Apache > ManifoldCF > Release Documentation
 

ManifoldCF Scripting Language

Overview

The ManifoldCF scripting language allows symbolic communication with the ManifoldCF API Service in order to define connections and jobs, and perform crawls. The language provides support for JSON-like hierarchical documents, as well as the ability to construct properly encoded REST URLs. It also has support for simple control flow and error handling.

How to use the script interpreter

The ManifoldCF script interpreter can be used in two ways - either as a real-time shell (executing a script as it is typed), or interpreting a script file. The main class of the interpreter is org.apache.manifoldcf.scriptengine.ScriptParser, and the two ways of invoking it are:

java -cp ... org.apache.manifoldcf.scriptengine.ScriptParser
      

or:

java -cp ... org.apache.manifoldcf.scriptengine.ScriptParser <script_file> <arg1> ... <argN>
      

If you choose to invoke ScriptParser in interactive mode, simply type your script one line at a time. Any errors will be reported immediately, and the ScriptParser will accordingly exit. You can also type ^Z to terminate the script.

If you use ScriptParser with a scripting file, that file will be read and interpreted. The arguments you provide will be loaded into an array of strings, which is accessible from your script as the variable named __args__.

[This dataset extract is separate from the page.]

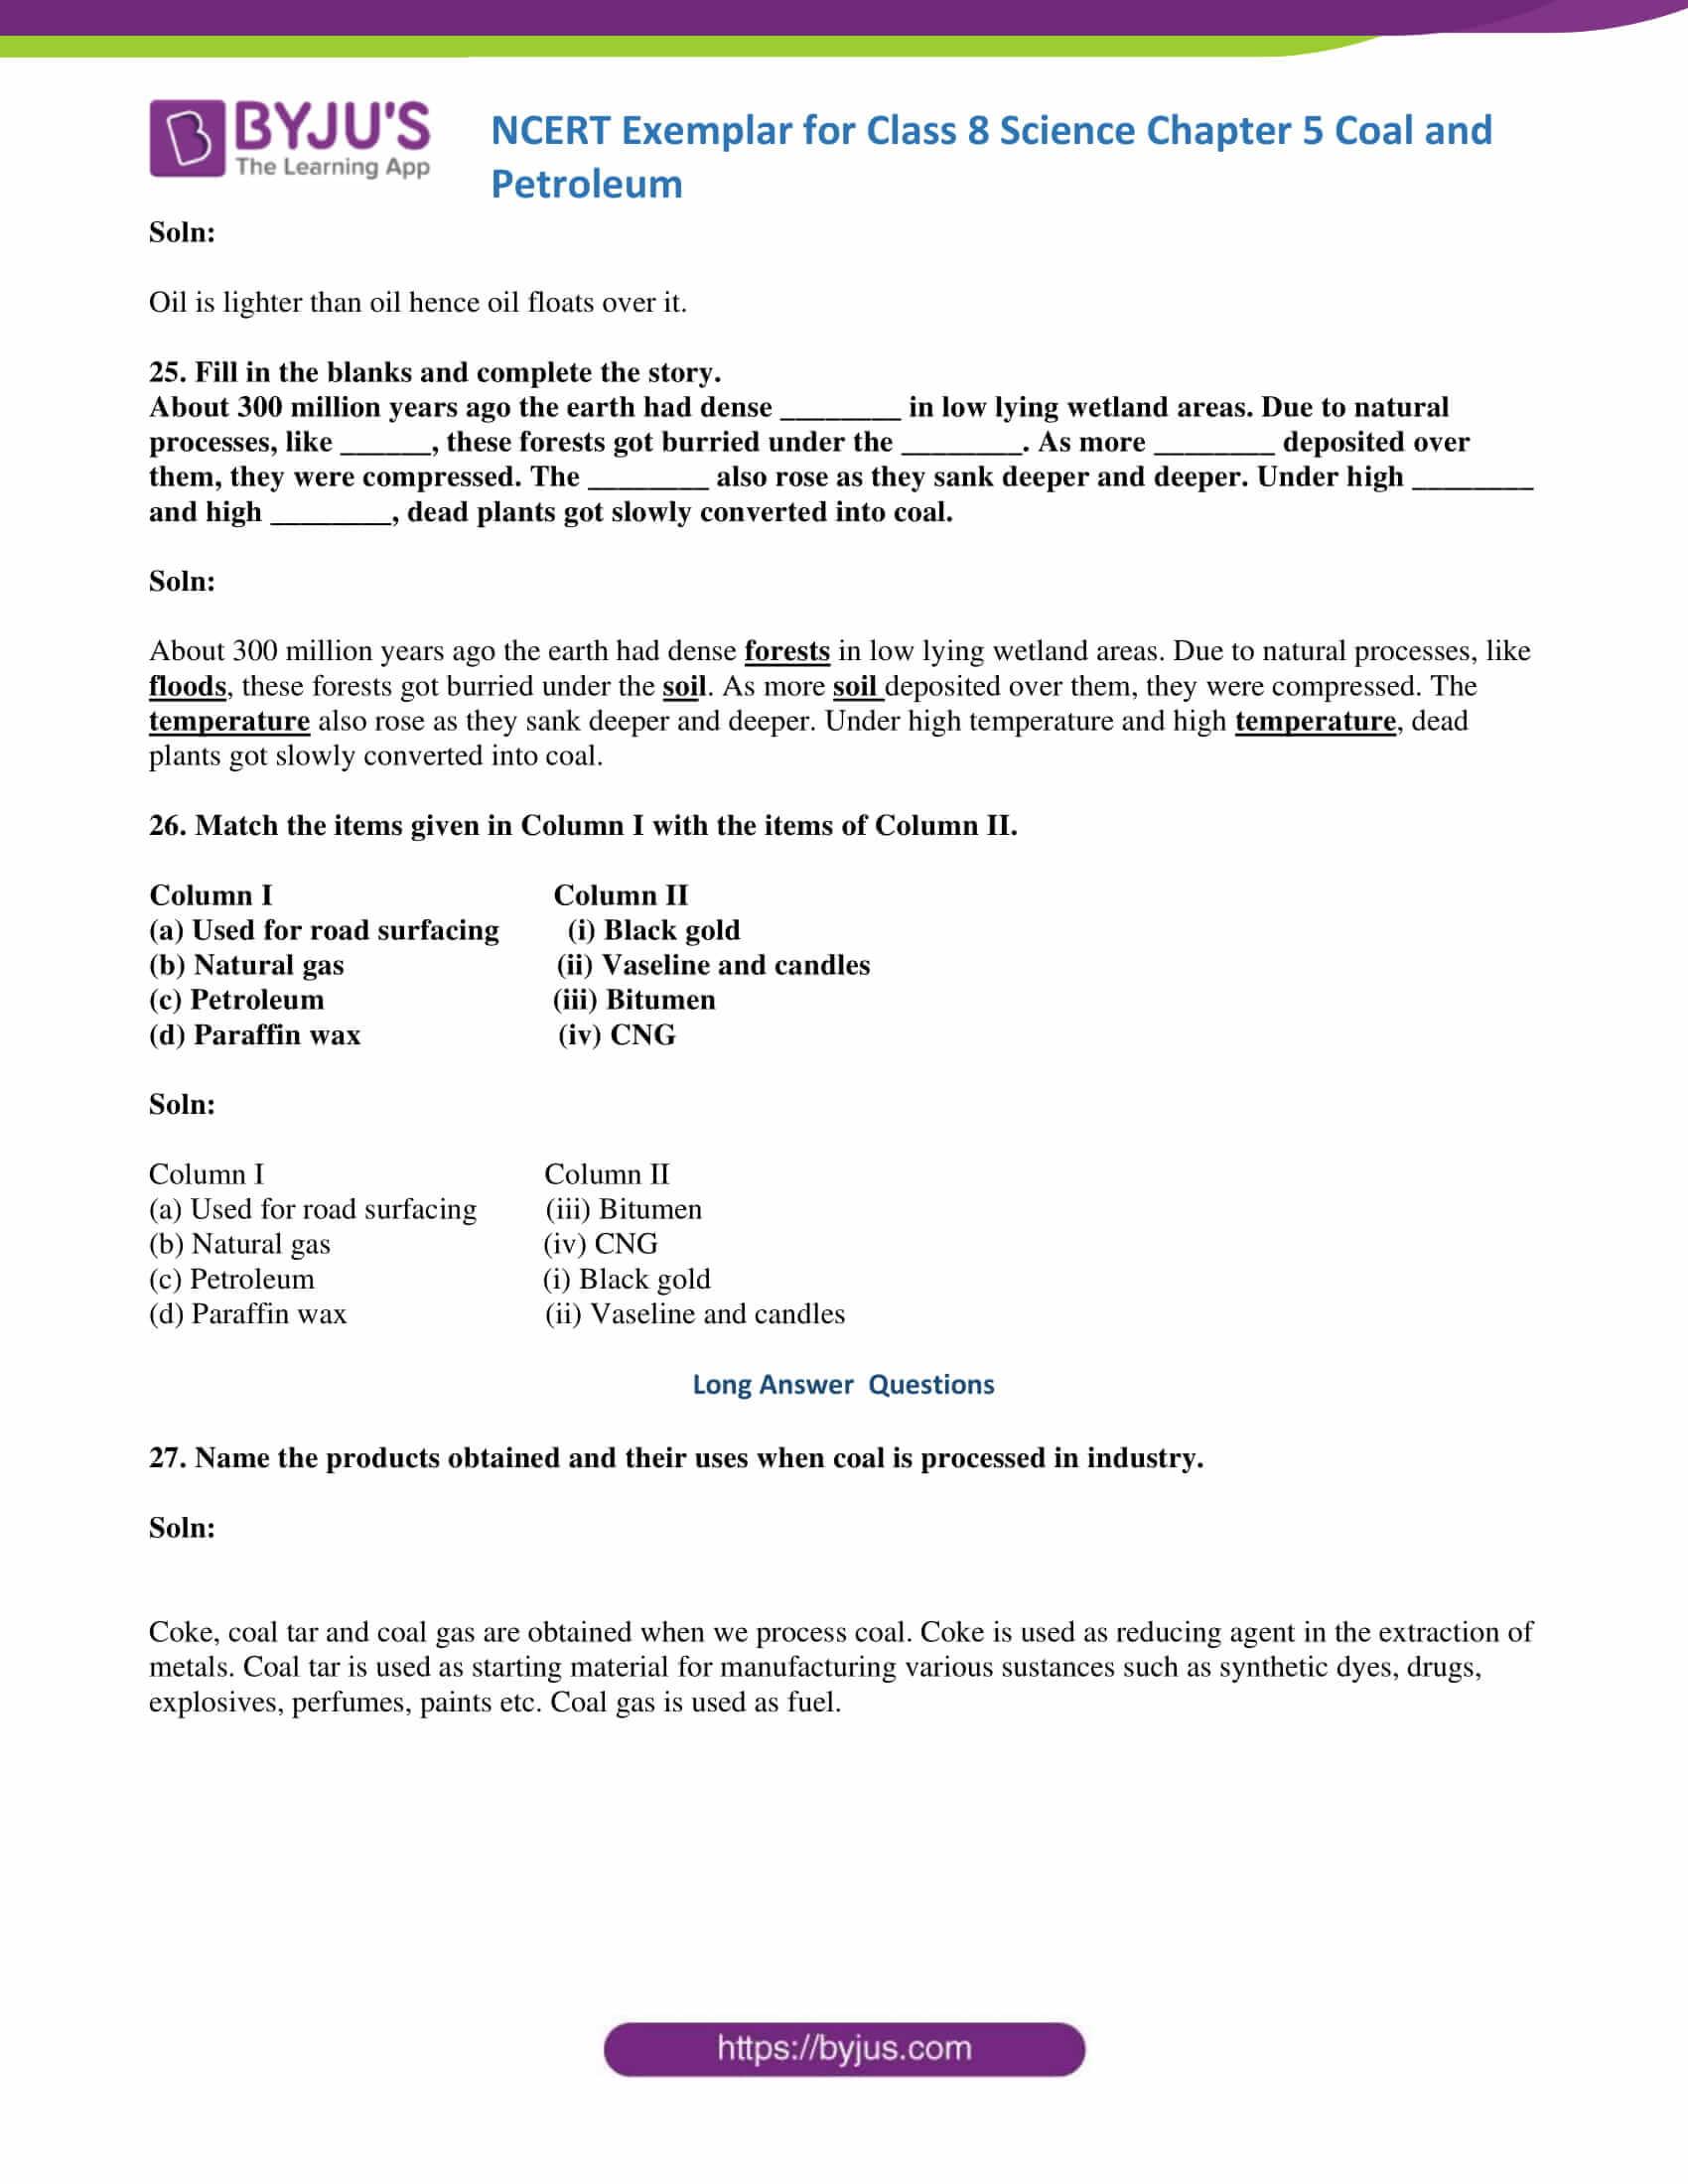 NCERT Exemplar solution class 8 Chapter 5 part 09

Running the script interpreter by hand

When you build ManifoldCF, the required dependent jars for the scripting language are copied to dist/script-engine/lib. You can run the interpreter in interactive mode by typing:

cd dist\script-engine
run-script.bat <args>
        

Or, on Linux:

cd dist/script-engine
run-script.sh <args>
        

You will need to set the environment variable ENGINE_HOME to point at the dist/script-engine directory beforehand, so that the scripts can locate the appropriate jars.

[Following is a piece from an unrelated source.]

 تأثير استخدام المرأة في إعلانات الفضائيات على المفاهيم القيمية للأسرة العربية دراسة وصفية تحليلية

Running the script interpreter using Ant

You can also start the script interpreter with all the correct required jars using Ant. Simply type the following:

ant run-script-interpreter
        

This will start the script interpreter in interactive mode only.

Running the script interpreter using Maven

You can also run the script interpreter using maven. The commands are:

cd framework/script-engine
mvn exec:exec
        

This, once again, will start the interpreter in interactive mode.

Script language syntax

A ManifoldCF script is not sensitive to whitespace or indenting. All comments begin with a '#' character and end with the end of that line. Unquoted tokens can include alphanumeric characters, plus '_', '$', and '@'. Numeric tokens always begin with a number ('0'-'9'), and are considered floating-point if they include a decimal point ('.'). Otherwise they are integers. String tokens can be quoted with either a double quote ('"') or a single quote, and within strings characters can be escaped with a preceding backslash ('\').

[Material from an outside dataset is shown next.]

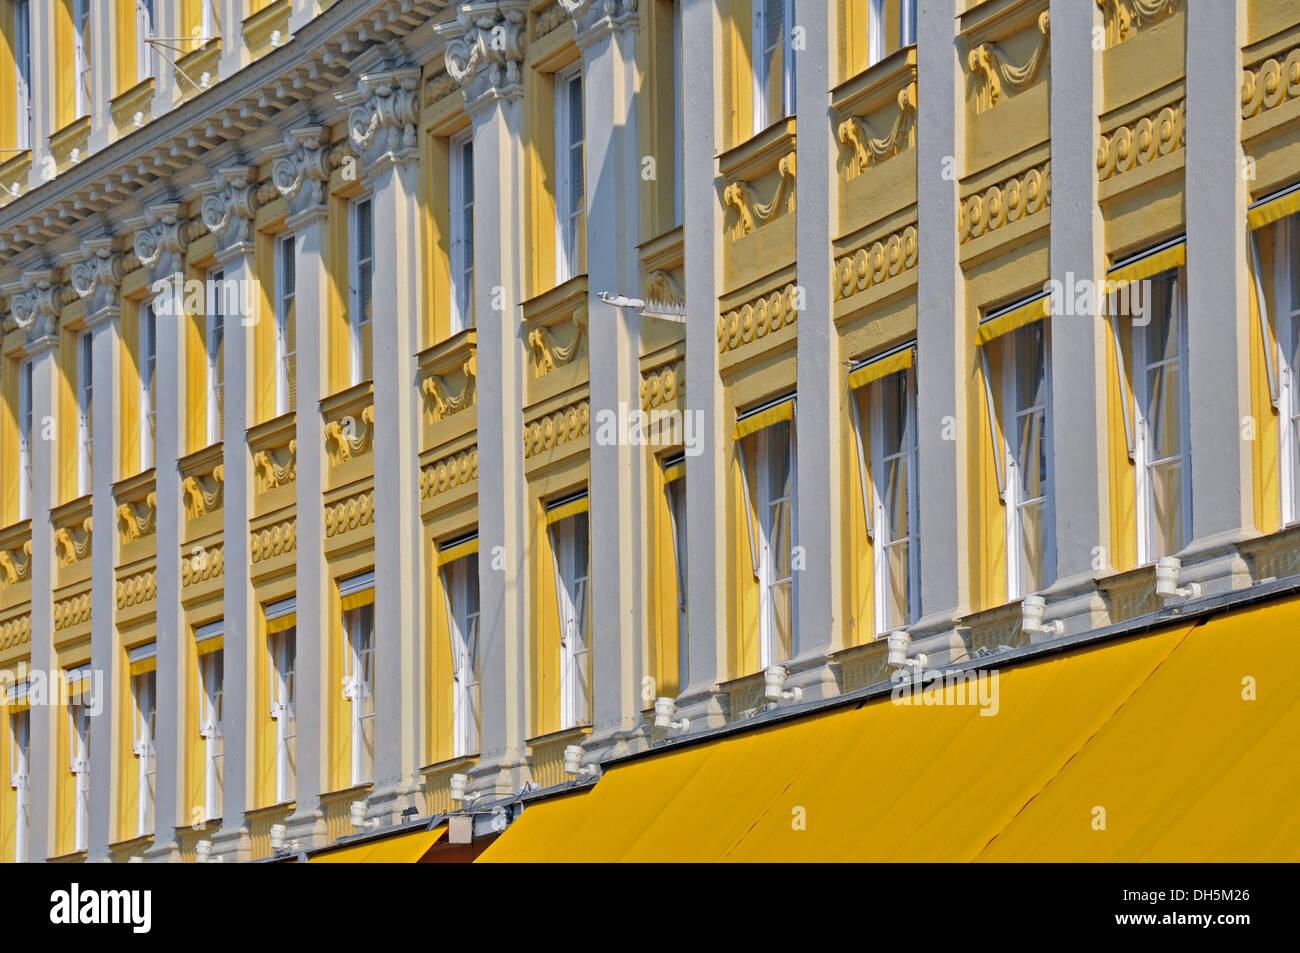 Feinkost Dallmayr delicatessen, Dienerstrasse, old town, Lehel quarter, Munich, Bavaria - Stock Image

A ManifoldCF script has a syntax that is readily described with a BNF grammar. See below.

program:
--> statements
  
statements:
--> statement1 ... statementN

statement:
--> 'set' expression '=' expression ';'
--> 'print' expression ';'
--> 'if' expression 'then' statements ['else' statements] ';'
--> 'while' expression 'do' statements ';'
--> 'break' ';'
--> 'error' expression ';'
--> 'insert' expression 'into' expression ['at' expression] ';'
--> 'remove' expression 'from' expression ';'
--> 'wait' expression ';'
--> 'GET' expression '=' expression ';'
--> 'PUT' expression '=' expression 'to' expression ';'
--> 'POST' expression '=' expression 'to' expression ';'
--> 'DELETE' expression ';'

expression:
--> '(' expression ')'
--> expression '&&' expression
--> expression '||' expression
--> '!' expression
--> expression '&' expression
--> expression '|' expression
--> expression '==' expression
--> expression '!=' expression
--> expression '>=' expression
--> expression '<=' expression
--> expression '>' expression
--> expression '<' expression
--> expression '+' expression
--> expression '-' expression
--> expression '*' expression
--> expression '/' expression
--> '-' expression
--> '[' [expression [',' expression ...]] ']'
--> '{' [expression [',' expression ...]] '}'
--> '<<' expression ':' expression ':' [expression '=' expression [',' expression '=' expression ...]] ':' [expression [',' expression ...]] '>>'
--> expression '[' expression ']'
--> expression '.' token
--> token
--> string
--> number
--> 'true' | 'false'
--> 'null'
--> 'new' newexpression
--> 'isnull' expression

newexpression:
--> 'url' expression
--> 'connectionname' expression
--> 'configuration'
--> 'configurationnode' expression
--> 'array'
--> 'dictionary'
--> 'queryarg' expression ['=' expression] 

      

Script language variables

Variables in the ManifoldCF scripting language determine the behavior of all aspects of expression evaluation, with the exception of operator precedence. In particular, every canonical variable has the ability to support arbitrary attributes (which are named properties of the variable), subscripts (children which are accessed by a numeric subscript), and all other operations, such as '+' or '=='. Not all kinds of variable instance will in fact support all such features. Should you try to use a feature with a variable that does not support it, you will receive a ScriptException telling you what you did wrong.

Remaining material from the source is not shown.